Beteiligte(r) Künstler*in(nen): June Balthazard Et Pierre Pauze , LIU Chuang , MILLIØNS Zeina Koreitem & John May , Fernando Palma Rodríguez , Huang Hai-Hsin, Femke Herregraven, James T. HON , Cui Jie , Hamedine Kane, Stéphane Verlet-Bottéro Avec Olivia Anani Et Lou Mo, Jean Katambayi Mukendi, Aluaiy Kaumakan, Franck Leibovici Et Julien Seroussi, James Lovelock, Marianne Morild, Jonas STAAL, Nomeda Et Gediminas Urbonas, Antonio Vega Macotela, Cemelesai Takivalet, Chen Yin-Ju, Su Yu Hsin, Chang Yung-Ta
Curators: Bruno Latour, Martin Guinard and Eva Lin
opening hours: Mon-Sun 10am - 6pm, close on Tuesday
Ort: Centre Pompidou-Metz
1 Parv. des Droits de l'Homme, 57020 Metz, France
Partner: Exhibition conceived and produced by the Taipei Fine Arts Museum for the Taipei Biennale 2020 and adapted by the Centre Pompidou-Metz.
With the exceptional support of the Ministry of Culture of Taiwan.
In partnership with the Cultural Center of Taiwan in Paris.
With the participation of LUMA Foundation.
In 2020, sociologist and philosopher of science Bruno Latour was invited with curator Martin Guinard to imagine the Taipei Biennale on the island of Taiwan. The project, entitled "You and I don't live on the same planet", questioned the conflicts linked to the ecological question and brought together 57 artists, collectives and speakers. Presented between November 2020 and March 2021 at the Taipei Museum of Fine Arts, it was complemented by workshops and public programs orchestrated by Eva Lin. While it was a huge success with local audiences, the global pandemic prevented the biennial from having the international impact it should have, as Taiwan's borders remained closed for the duration of the event.
In view of this situation and the burning topicality of the subject, the Centre Pompidou-Metz has exceptionally invited the Taipei Biennale 2020 and its curators to take over its spaces between November 2021 and April 2022, for a repeat of part of the exhibition, highlighting the Taiwanese scene and the artists' proposals formulated for this biennale.
As the curators state: "If we were to ask you what planet you live on, you might find the question strange and the answer obvious: Earth!

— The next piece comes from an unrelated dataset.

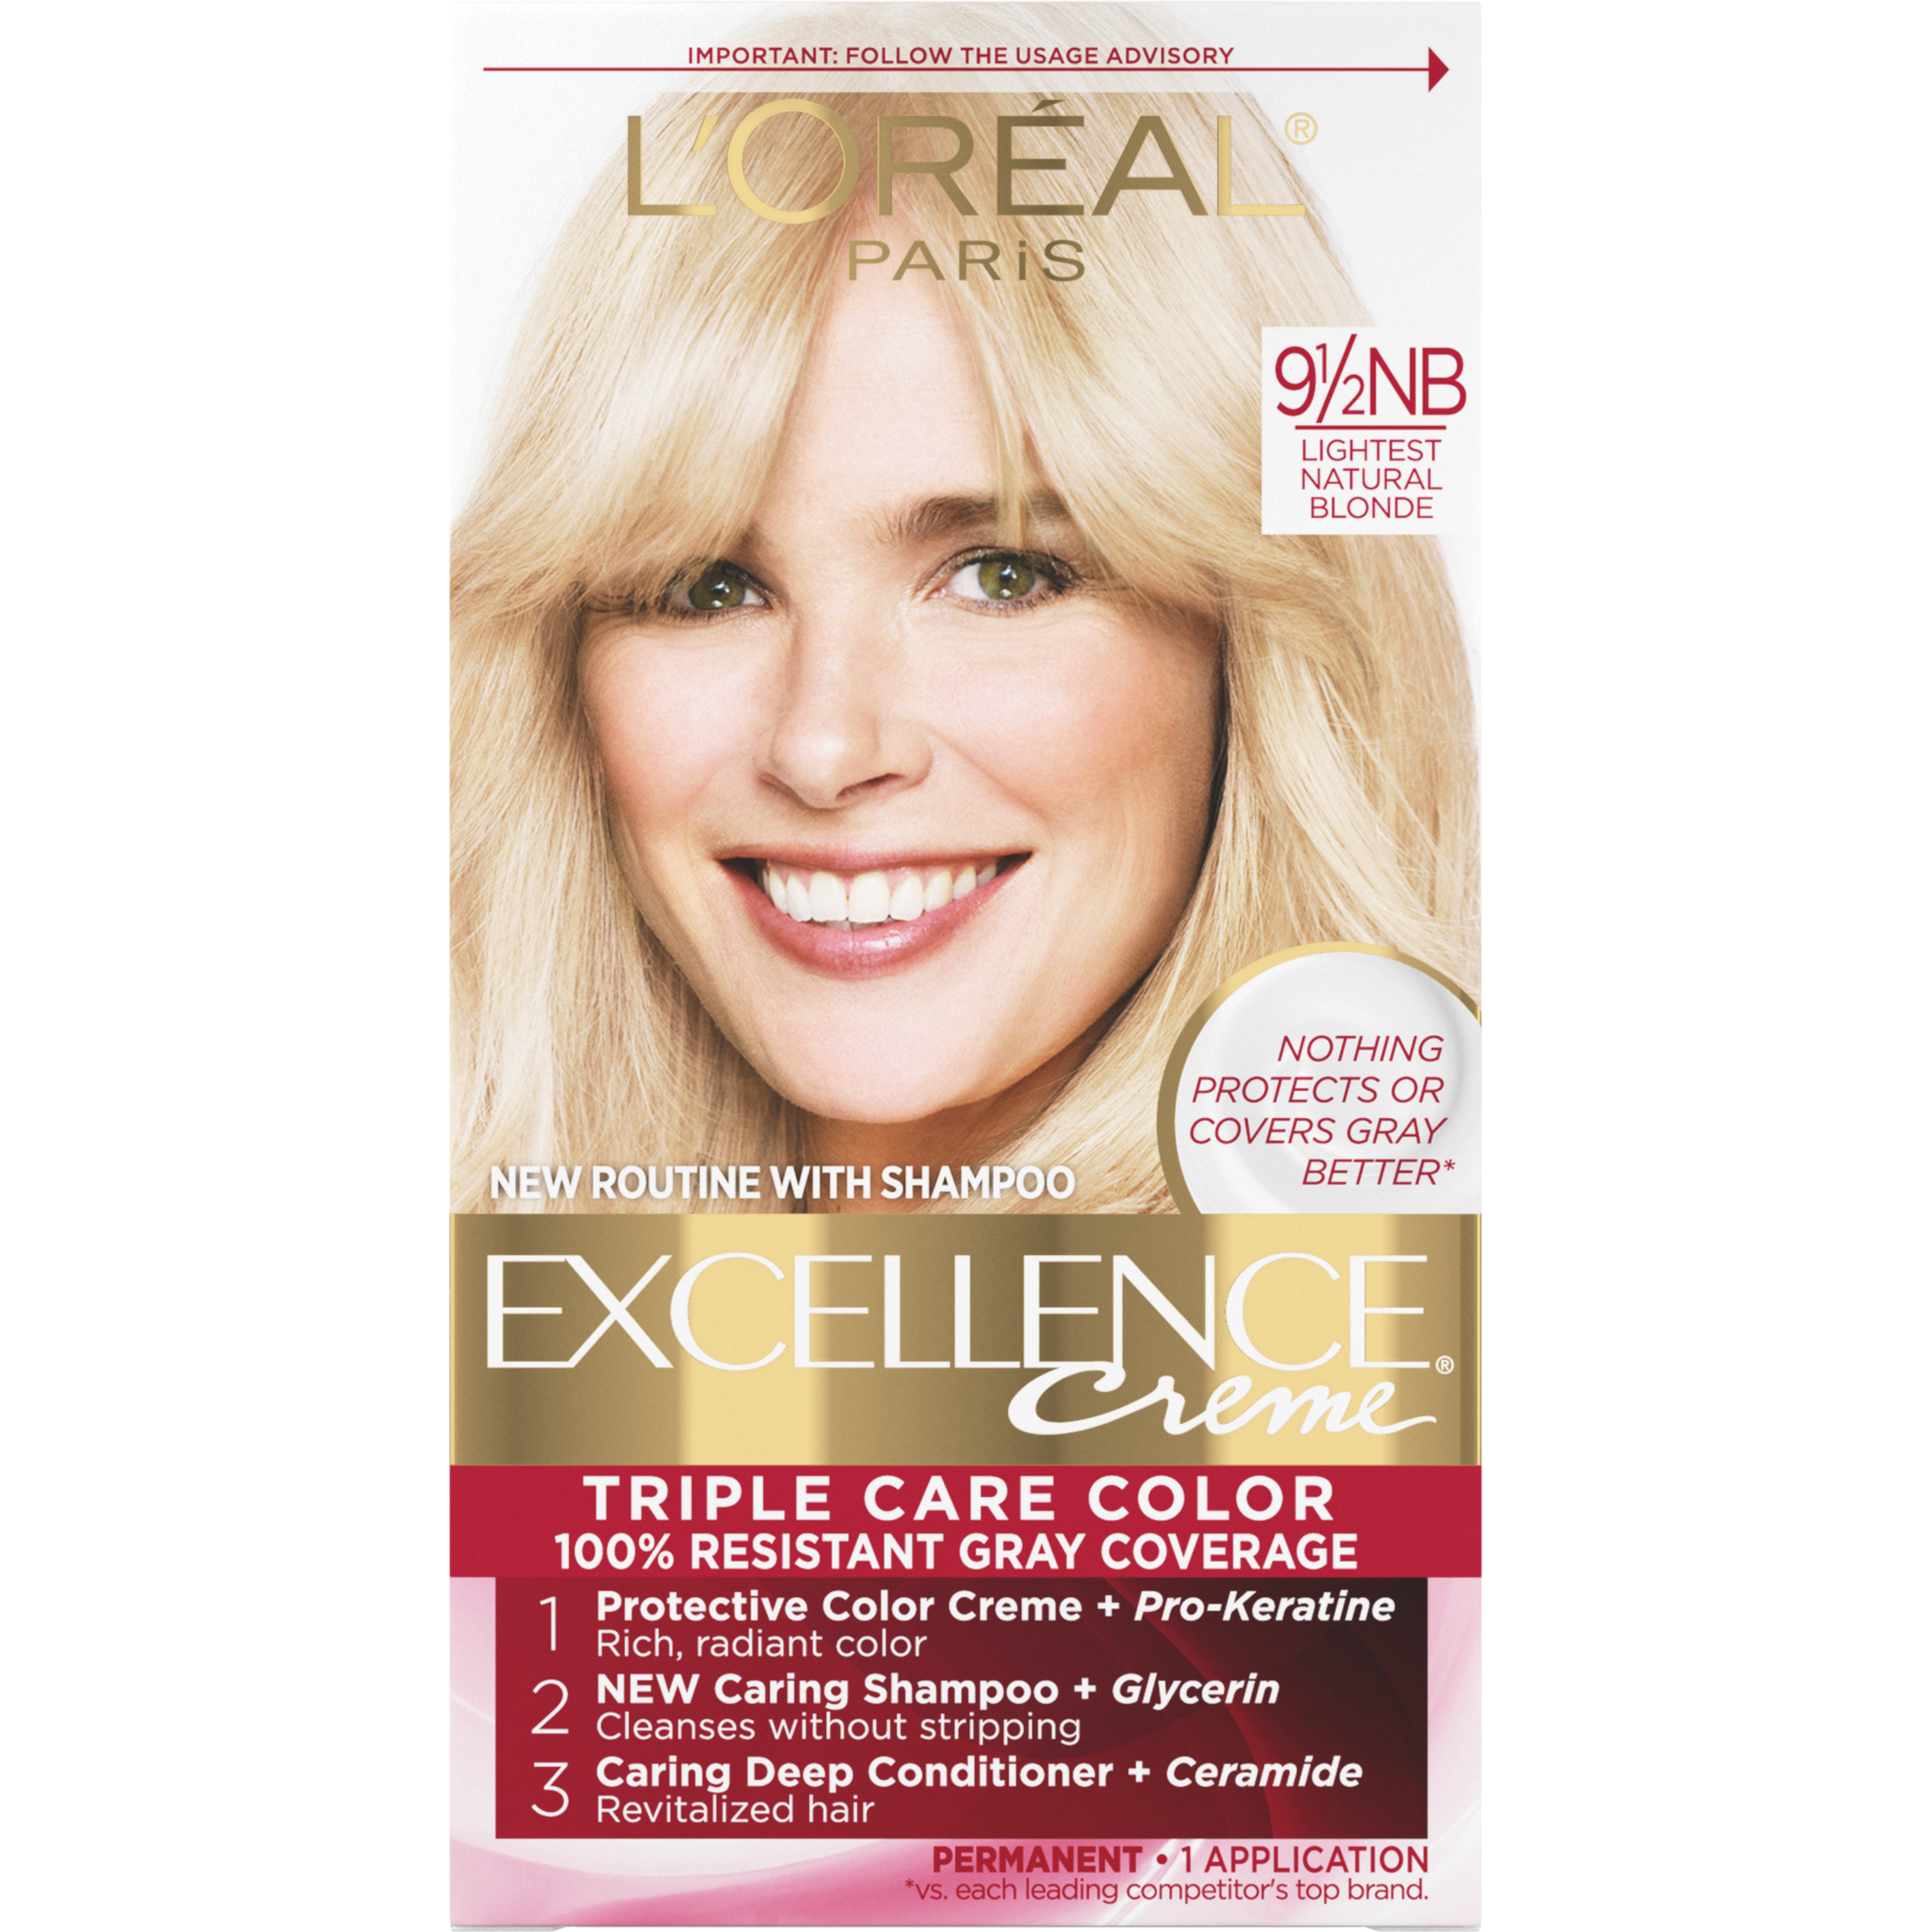 L'Oreal Paris Excellence Creme Permanent Hair Color, 9.5NB Lightest Natural Blonde - image 1 of 8

And yet, it is not the same thing to live like the Moderns who use the resources of six planets and to live within the limits of one, fragile and limited.
In a context where democracies are experiencing a rise in populism and dictatorships are presenting ever more pressing threats, our hypothesis is that climate change will not simply be one issue among others but risks framing the entire political discussion. And there is growing disagreement about how to keep the world habitable, not only because political opinions differ, but especially because we don't seem to agree on what the earth is made of. Some people now even think the world is flat!
It is as if there are several versions of the Earth, with properties and capabilities so different that they are like separate planets. Their gravitational pull has a huge influence on how you feel, how you behave and, of course, how you plan your future."
The challenge that this biennial wishes to take up, through the work of the invited artists, architects or scientists, is to make visible these different conceptions, these different realities, so that the visitor takes the measure of the transformation of what was once presented as a set of peripheral issues, into a set of political struggles more urgent and tragic than ever.
"Where do we land, what planet do we live on, who am I, these are the questions that Bruno Latour continues to explore through the Taipei Biennale 2020 and at the Centre Pompidou-Metz from now on. They are at the heart of what he calls the "new climate regime". By approaching the issue in a geopolitical way, the curators hope to set up new diplomatic encounters. What better place to do this than in an exhibition space, since it is precisely the question of space that divides us so deeply?
Created in 1992 by the Taipei Museum of Fine Arts, the Taipei Biennale has become a major artistic event in Asia, and its last editions have focused on environmental issues.